Both were secular, and adamant about it, especially the wife.
“The first time she walked in, she told me, ‘I’m not listening to anything from rabbis,’ ” said Rav Zweig.
Eating is another matter entirely, so as time went on, the couple became frequent guests at Rav Zweig’s Shabbos table. That’s what ended up turning the tables for them.
“Even her husband once told me, ‘Rabbi, don’t think the classes were mekarev me — it was the cholent,’ ” Rav Zweig recalls. “It took me a little time to understand what he was saying.”
Apparently, the couple imbibed by example.

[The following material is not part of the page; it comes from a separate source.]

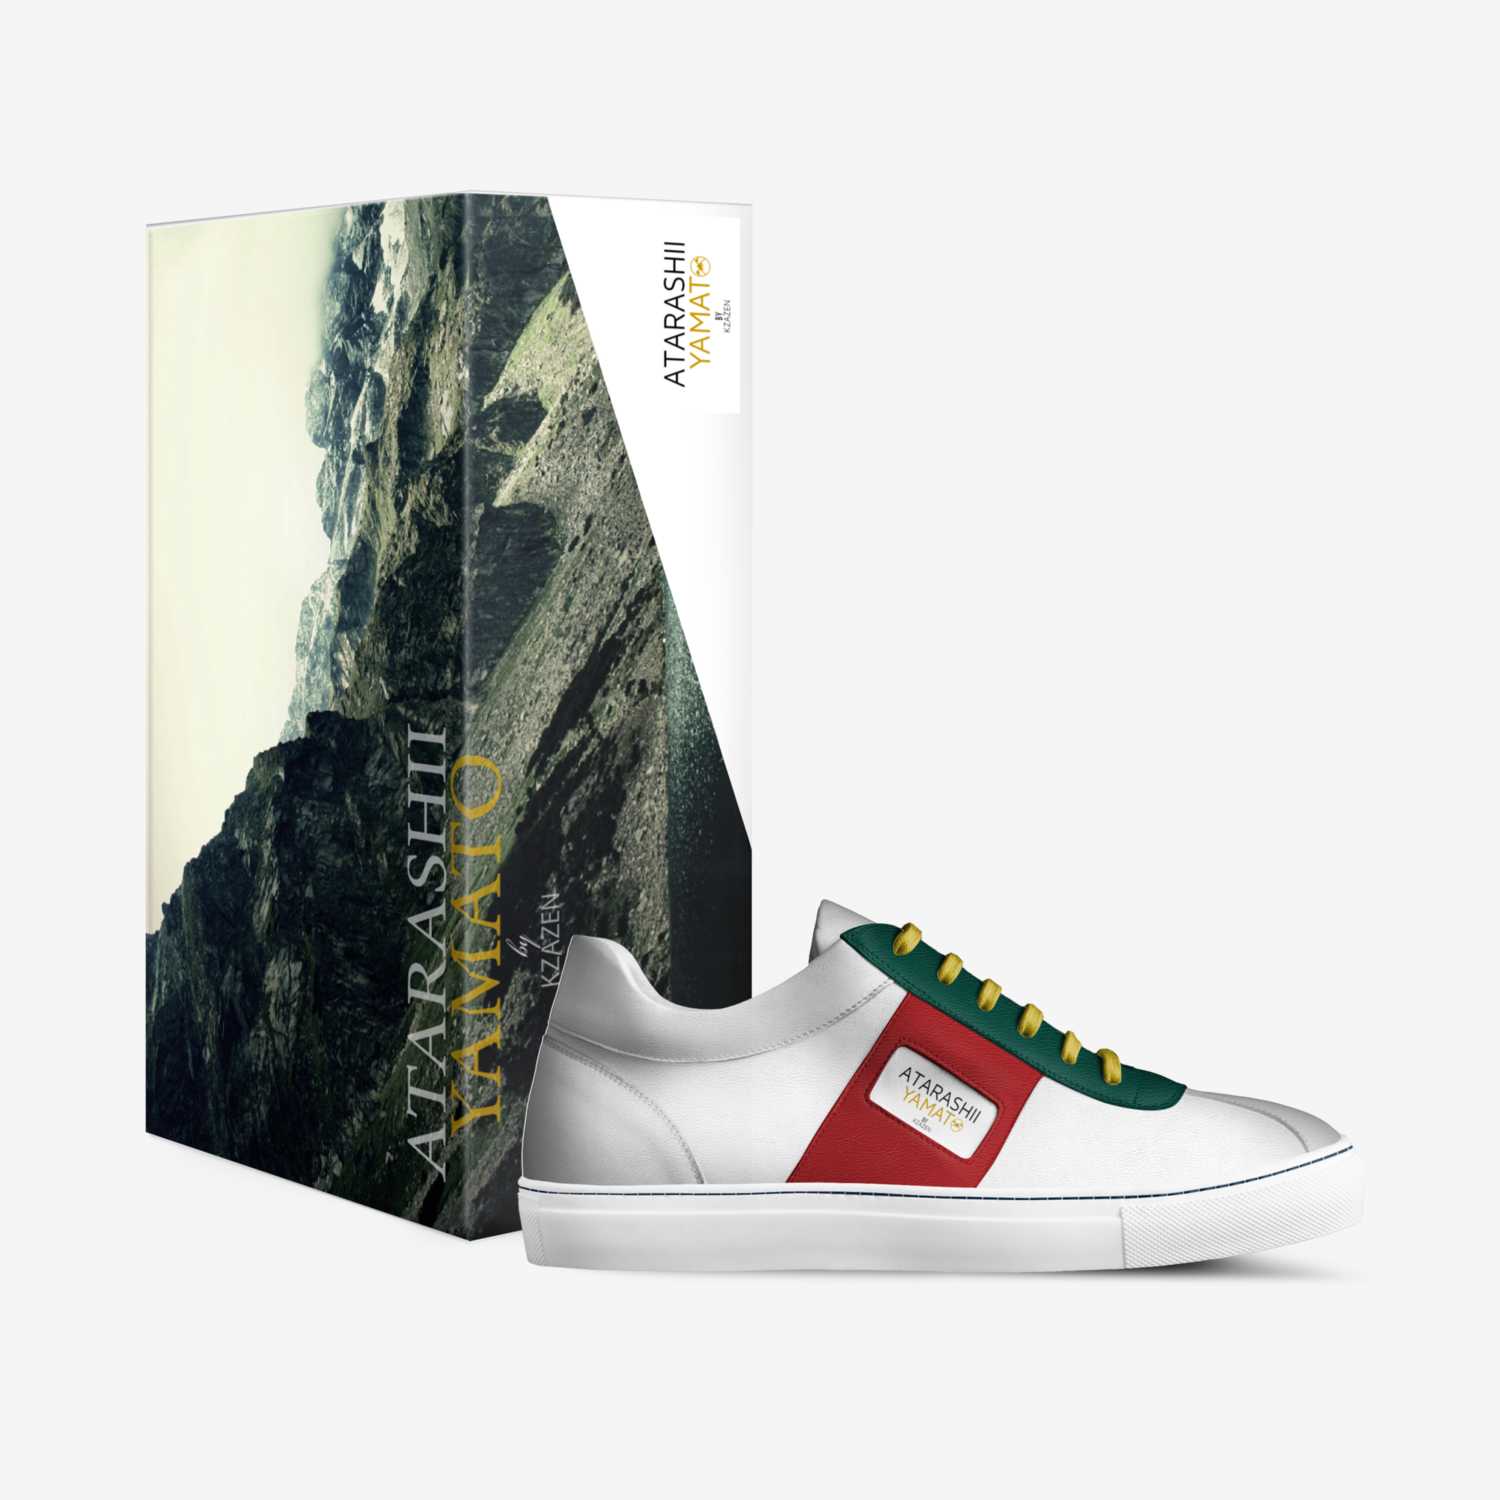 Atarashii Yamato custom made in Italy shoes by Kendrick Ng | Box view

“People want to change their lives, but it has to be something that’s relevant to their lives,” Rav Zweig said. “When you come to somebody’s house, and you see the way a couple treats each other and how the kids respect their parents — that’s exactly what he saw. That’s what they wanted for themselves and that’s how they got to understand the relevance of Torah.”
Today, the couple is fully observant. Their son, who sported spiked hair at his bar mitzvah, is now learning in Yeshivas Mir in Jerusalem. This family was one of the first to push for the new expansion and deposited the initial $1 million in a trust fund to help kick off the yeshivah’s dream of creating a space worthy of the Torah and hashkafah that is taught within.
“That’s what kiruv is all about,” Rav Zweig continues. “Kiruv is about knowing that you are improving the quality of a person’s life. Being an Orthodox Jew is not a burden. It’s a privilege and it gives a person a meaningful and fulfilling life.”